Authorea

Infall

Four sources, N62-1, N65-2, N90-2 and N117-3, have a non-Gaussian line profile. In three cases the line profile is stronger on the blue-side (see Fig. \ref{infall}). Of these three sources, N117-3 has the strongest red-shifted emission, with two clear peaks present. The line-profiles of N62-1 and N90-2 are single-peaked but with a plateau on the red-shifted side. We interpret these three profiles as evidence of infall. N62-1 and N90-2 both are located in infrared dark clouds that intersect their nearby bubble (N62 and N90). Thus, infall, if present, could be triggered by an expanding HII region via radiatively driven implosion or collect-and-collapse. N117-3 is located within in the bubble, in projection. There is no obvious interpretation for this infall candidate’s interaction with the associated bubble N117.

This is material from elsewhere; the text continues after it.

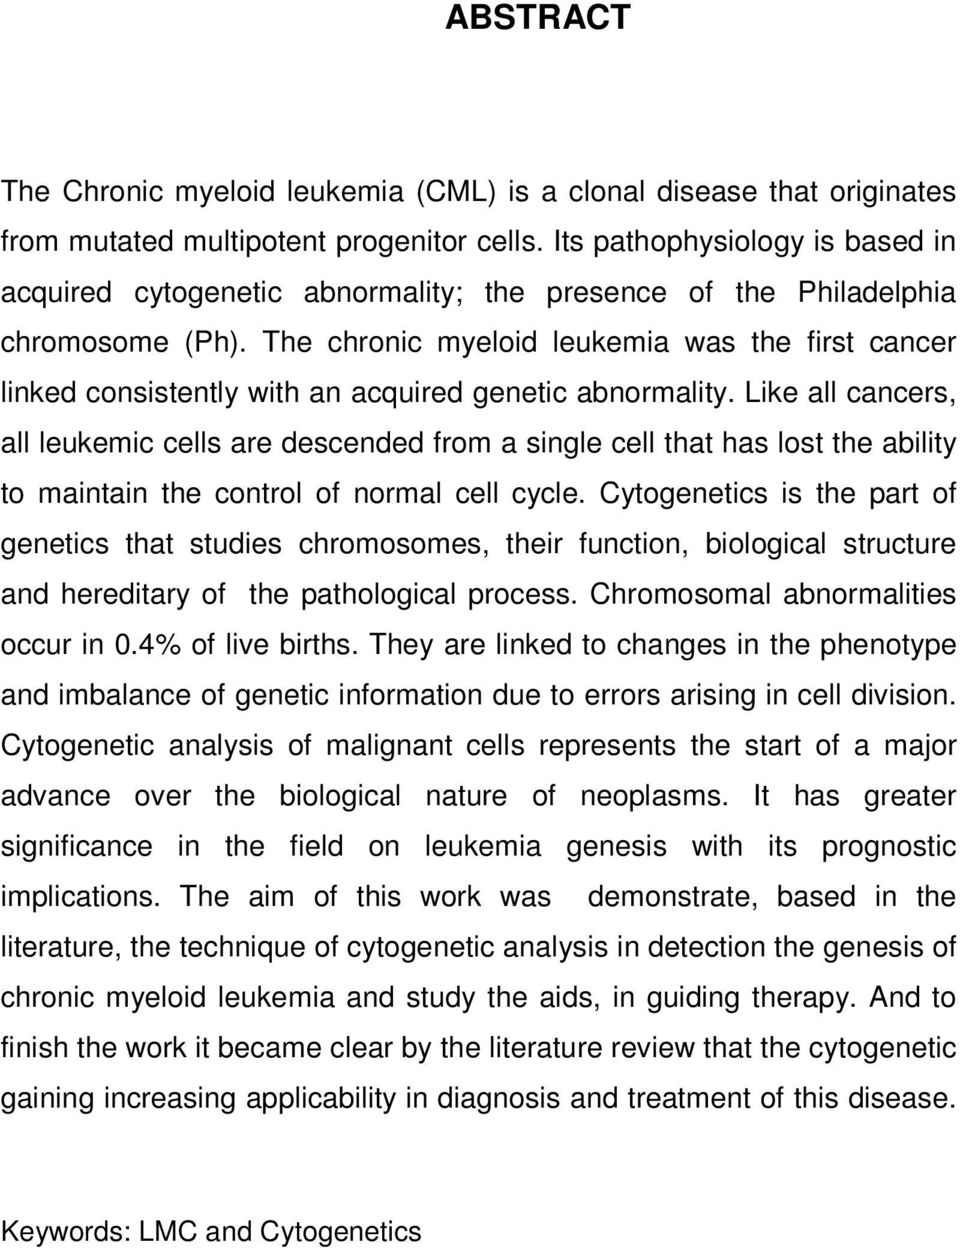 The chronic myeloid leukemia was the first cancer linked consistently with an acquired genetic abnormality.
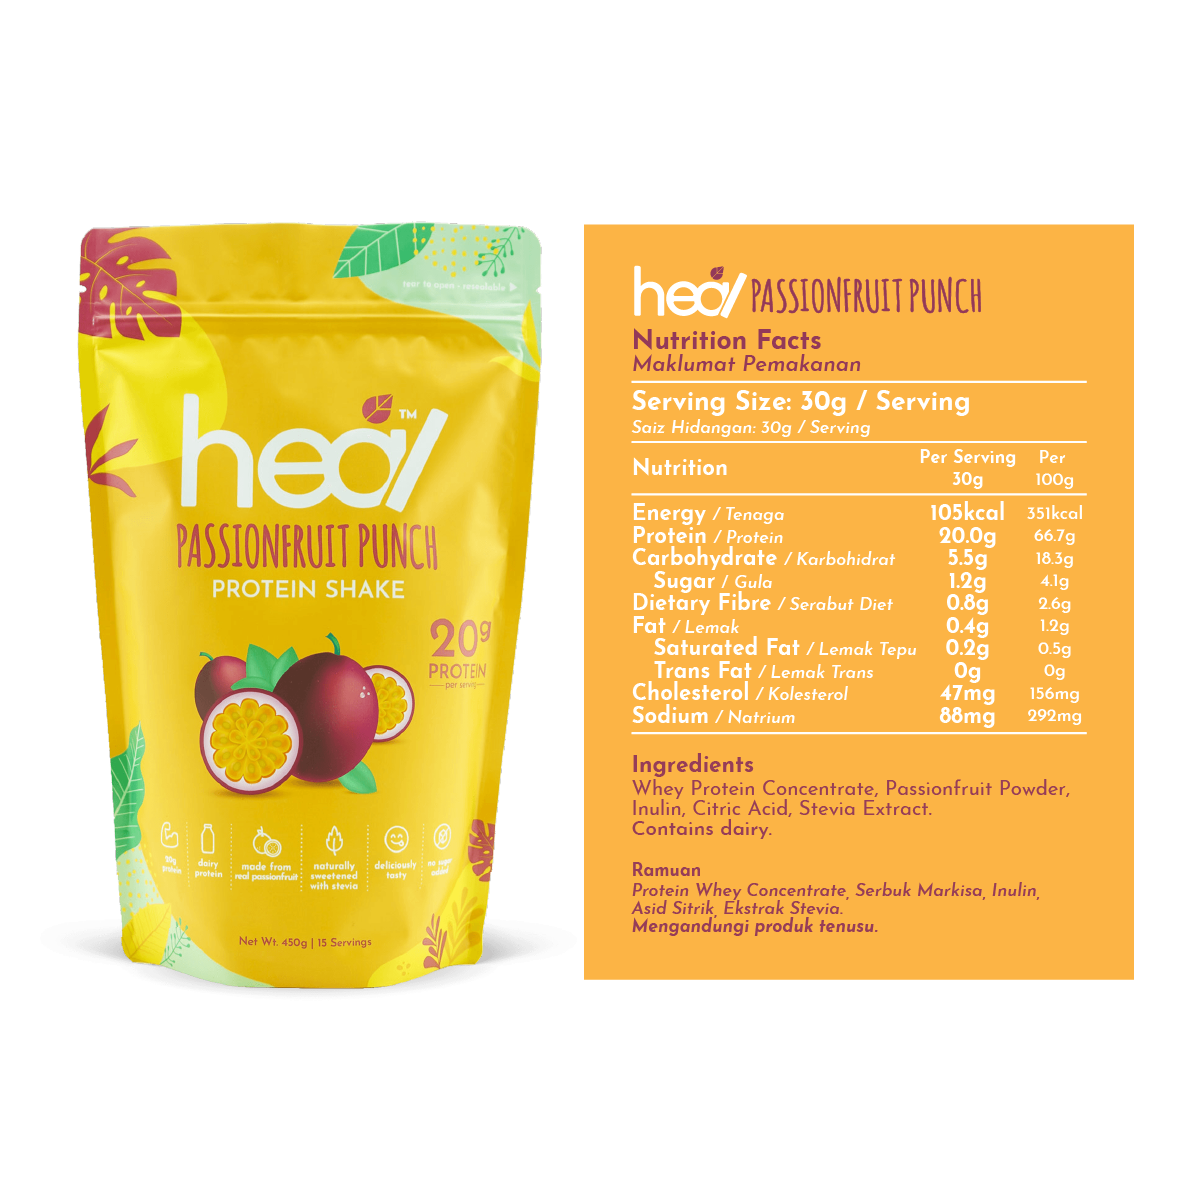 [Subscription Plan] Heal Passionfruit Punch Protein Shake, 15 Servings Value Pack

\citet{Myers1996} and \citet{Williams1999} present a model of infall that predicts line profiles similar to these observations. They assume two clouds (near and far) falling toward a common center and estimate the resulting line profiles accounting for optical depth effects as well as standard radial-dependencies of velocity and excitation temperature. \citet{Myers1996} show that an optically thick line and a higher excitation temperature in the cloud on the far side can produce a blue-shifted weighted line-shape. With further simplifications they show that by measuring five parameters, the Myers et al. (1996) model allows an estimate of the infall velocity. The measured parameters are: \(\sigma\) (velocity dispersion of an optically thin tracer), T\({}_{BD}\) (the blue-shifted excess emission), T\({}_{RD}\) (the red-shifted emission), T\({}_{D}\) (the plateau emission), v\({}_{red}\) (the red-shifted peak emission velocity) and v\({}_{blue}\) (the blue-shifted peak emission velocity). See Figure 2 in \citet{Myers1996} for a diagram of these different quantities. When all quantities can be measured, the infall velocity is estimated to be:

\begin{equation} v_{in}\approx\frac{\sigma^{2}}{v_{red}-v_{blue}}\ln\left(\frac{1+eT_{BD}/T_{D}}{1+eT_{RD}/T_{D}}\right)\nonumber \\ \end{equation}

When the optical depth and V\({}_{in}\)/\(\sigma\) are sufficient large, the red peak can disappear (see Myers et al. 1996 for discussion of this effect). Thus, we are limited in our numerical analysis to N117-3. We estimated the relevant line parameters by eye. Our line profile measurements and infall velocity calculation are given in Table \ref{infalltable}. Since we do not have an optically thin measurement of this source, we have assumed the value of the velocity dispersion based on the optically thin \({}^{34}\)CS observations by \citet{Williams1999}. They found a typical value to be 1.5 km/s. A smaller value would decrease the infall velocity (see equation above).